Неподалеку от Усолья тоже был лагпункт. Зэки Усольского ИТЛ трудились на кирпичном заводе (который сами же строили), выпаривали соль на древних, екатерининских времен, варницах, пахали на заводе горного оборудования. После «оттепели» там же, на ангарской земле, бывшие арестанты и охранявшие их милиционеры продолжали мирно сосуществовать. Каждый был занят своим: каторжане тихонько прозябали, ветераны ГУЛАГа записывались в различные ветеранские советы, воевали за льготы с надбавками, публиковали воспоминания о суровом времени…

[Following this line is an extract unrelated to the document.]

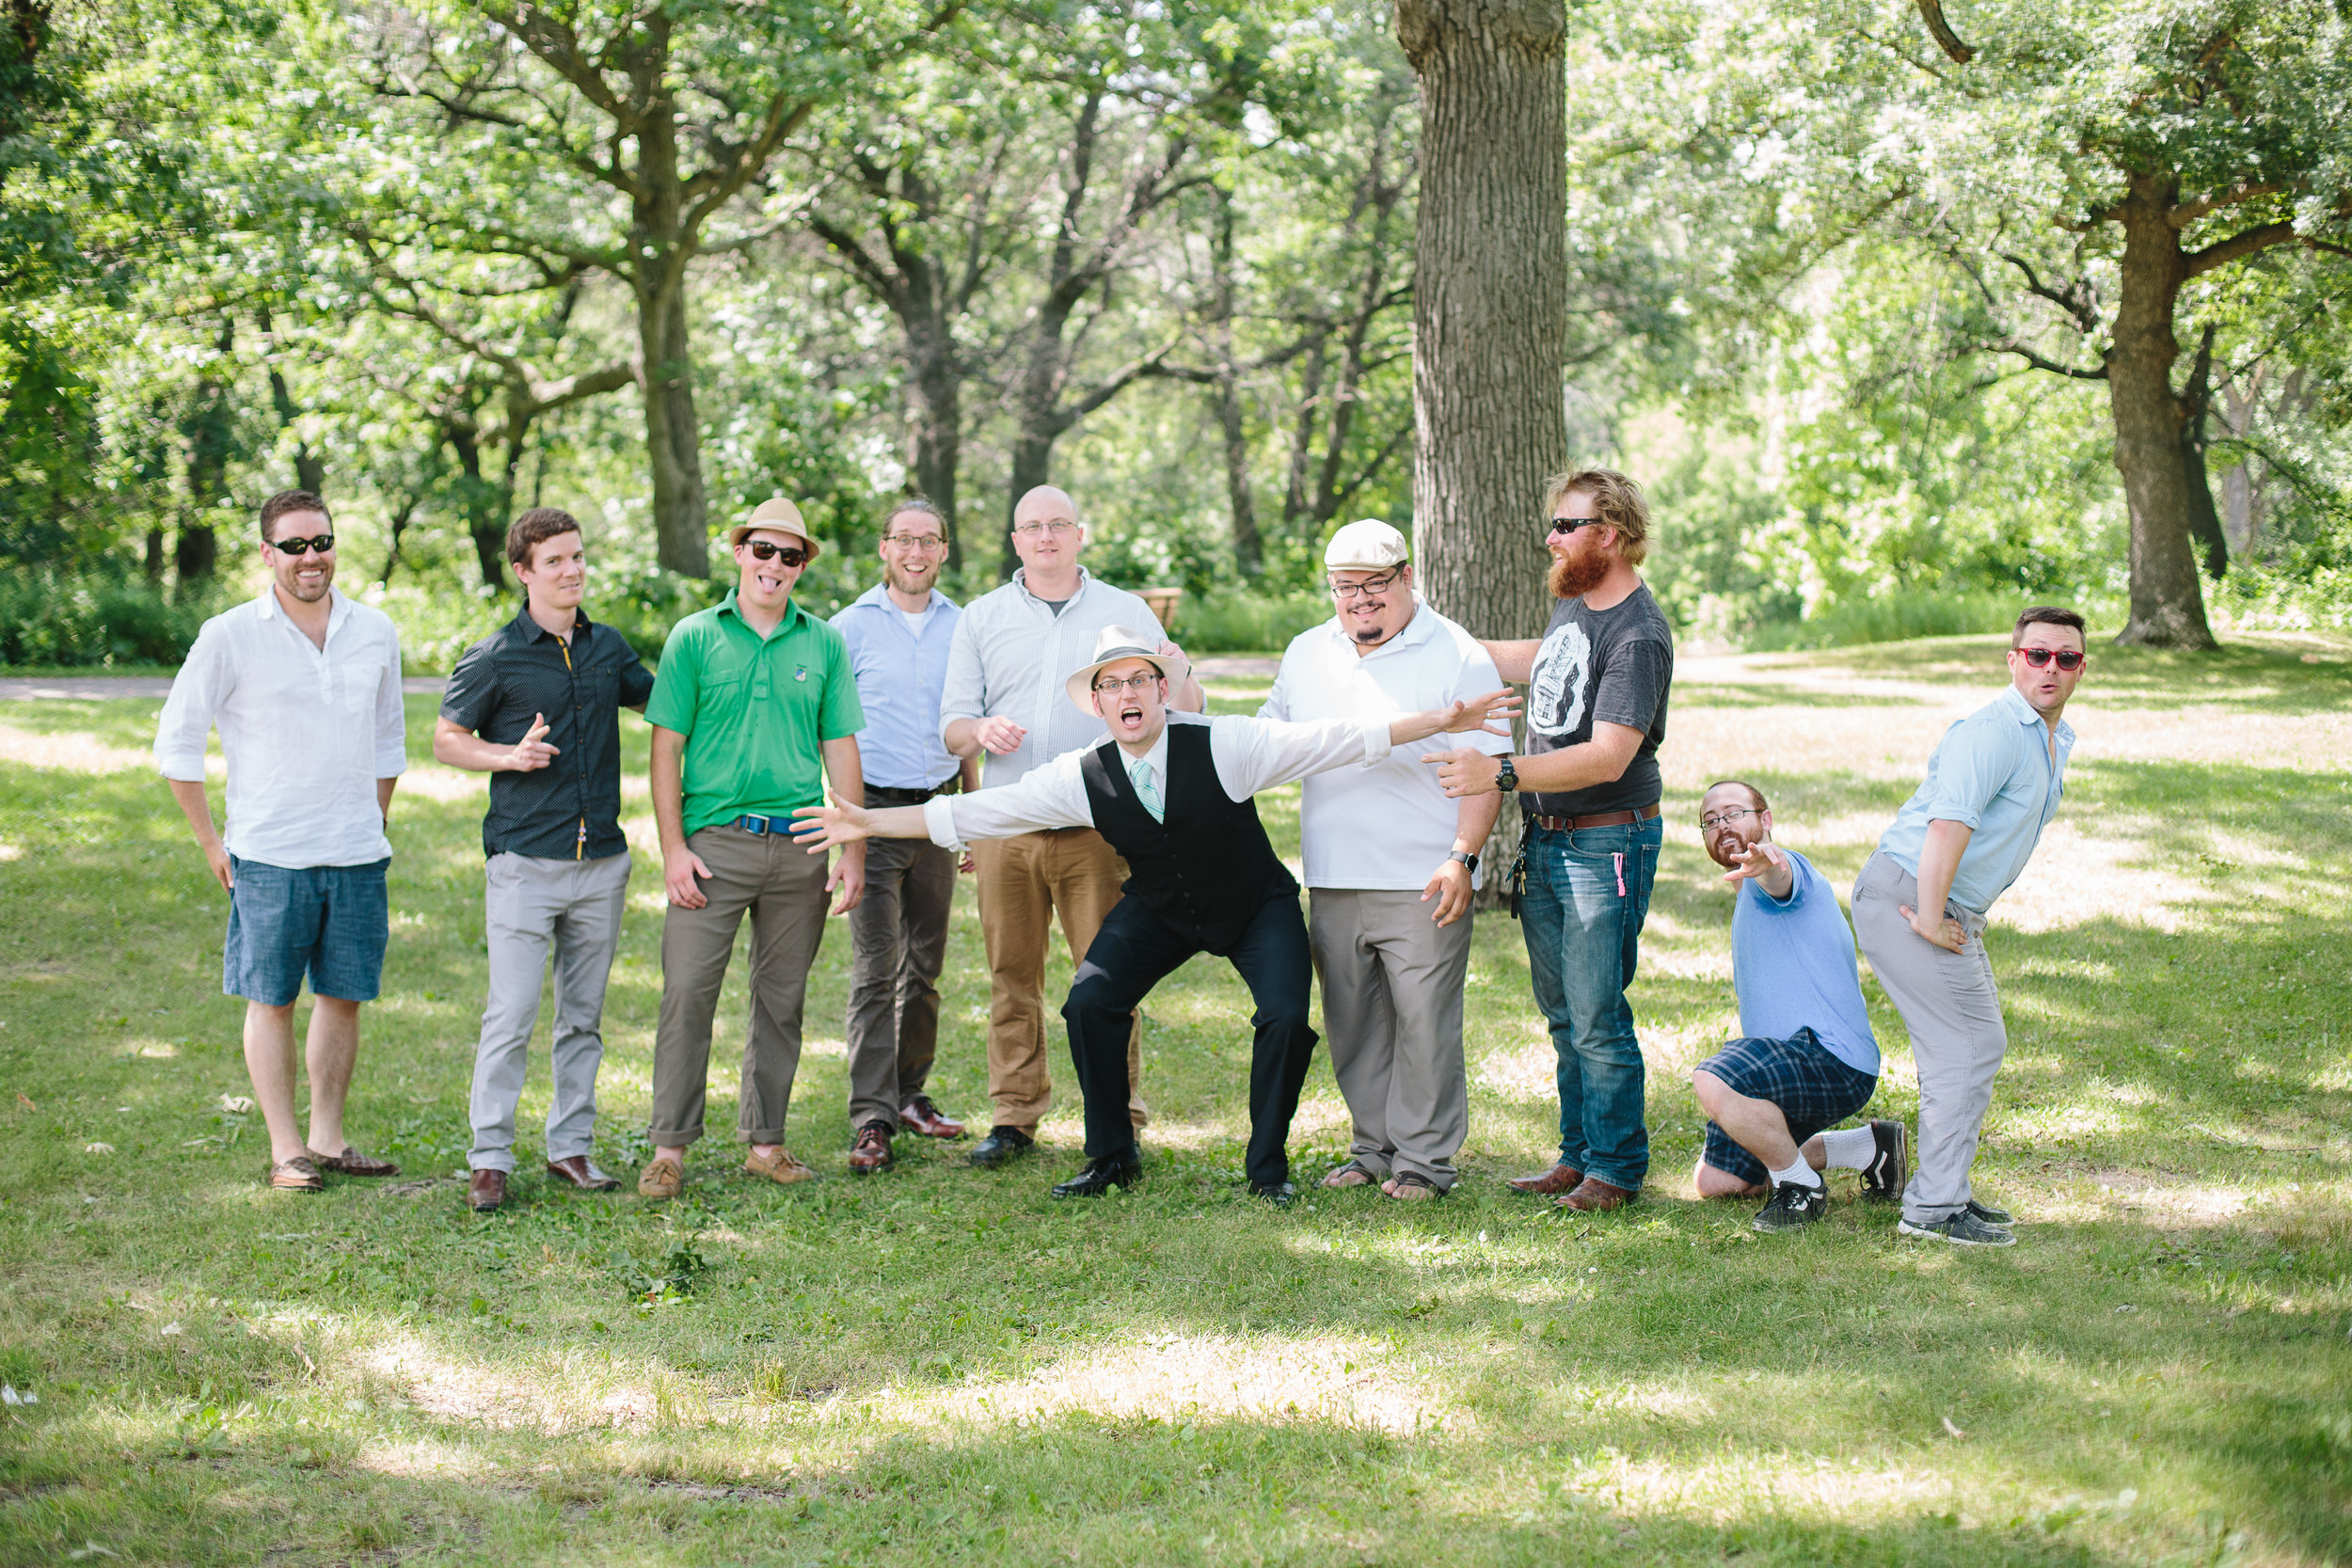 FAVORITES-2017.07.15 Stoltz_Burkhart Wedding 2599-91.jpg

Усолье пестрит советскими названиями: улица Карла Маркса, Энгельса, Ленина, Карла Либкнехта, Комсомольская площадь, Комсомольский проспект. При Хрущеве город застроили типовыми некрасивыми пятиэтажками, которыми замусорена вся территория бывшего Союза ССР. На их фоне черные, хотя и аварийного фонда, деревянные избы вперемешку со «сталинками» из красного кирпича смотрятся, пожалуй, нарядно.
Марина с мужем и тремя детьми живет в Привокзальном районе Усолья в типовой «хрущобе» серо-голубого цвета, где даже в «бандитские девяностые» не закрывали квартир и жильцы запросто ходили в гости друг к другу.
Привокзальном районе Усолья в типовой «хрущобе» серо-голубого цвета, где даже в «бандитские девяностые» не закрывали квартир и жильцы запросто ходили в гости друг к другу.
«После случая с Мариной соседи начали запираться: никто не знает, чего ждать от стука в дверь, — рассуждает Павел, муж Марины. — А раньше — калитки нараспашку! Постанова такая была: все — соседи, все — друзья! Надо тебе к соседке за солью — пошел да и взял. И покойный Вася так же к нам захаживал, бывало. Он чудной был, Вася тот, царство небесное… Балагур, выпивоха, без царя в голове. Вообще-то электриком был, жил на что где подкалымил, кому починил. Бывало, после шабашки стучался к нам, хвастался: “А я тыщу заработал!” Близкими друзьями-то мы не были, но в гости изредка захаживали. Марина иногда ему продукты покупала, или его можно было запросто попросить сбегать в магазин. Когда Ваську убили, мы огорчились: он ведь нестарый был. Хоть и пьяница, но безвредный, с людьми ладил. Жалко… человек ведь».
Что хотите подпишу
Марина Рузаева — типичная домохозяйка-мамочка. Дом, муж, дети, школа, домашние задания, тесты, олимпиады, компьютеры, собака, одного ребенка отвела в спортивную секцию, с другим побежала на роликовых коньках… В только что наступившем 2016-м в доме Рузаевых царила праздничная кутерьма, продолжались елочные хлопоты. Когда в дверь постучали хмурые сотрудники полиции и предложили Рузаевой съездить с ними в местное ОВД, чтобы «исполнить гражданский долг и опознать на фотографиях людей из круга общения убитого соседа-пенсионера», Марина согласилась. Без особого энтузиазма, но из сочувствия к родственникам погибшего соседа Васи…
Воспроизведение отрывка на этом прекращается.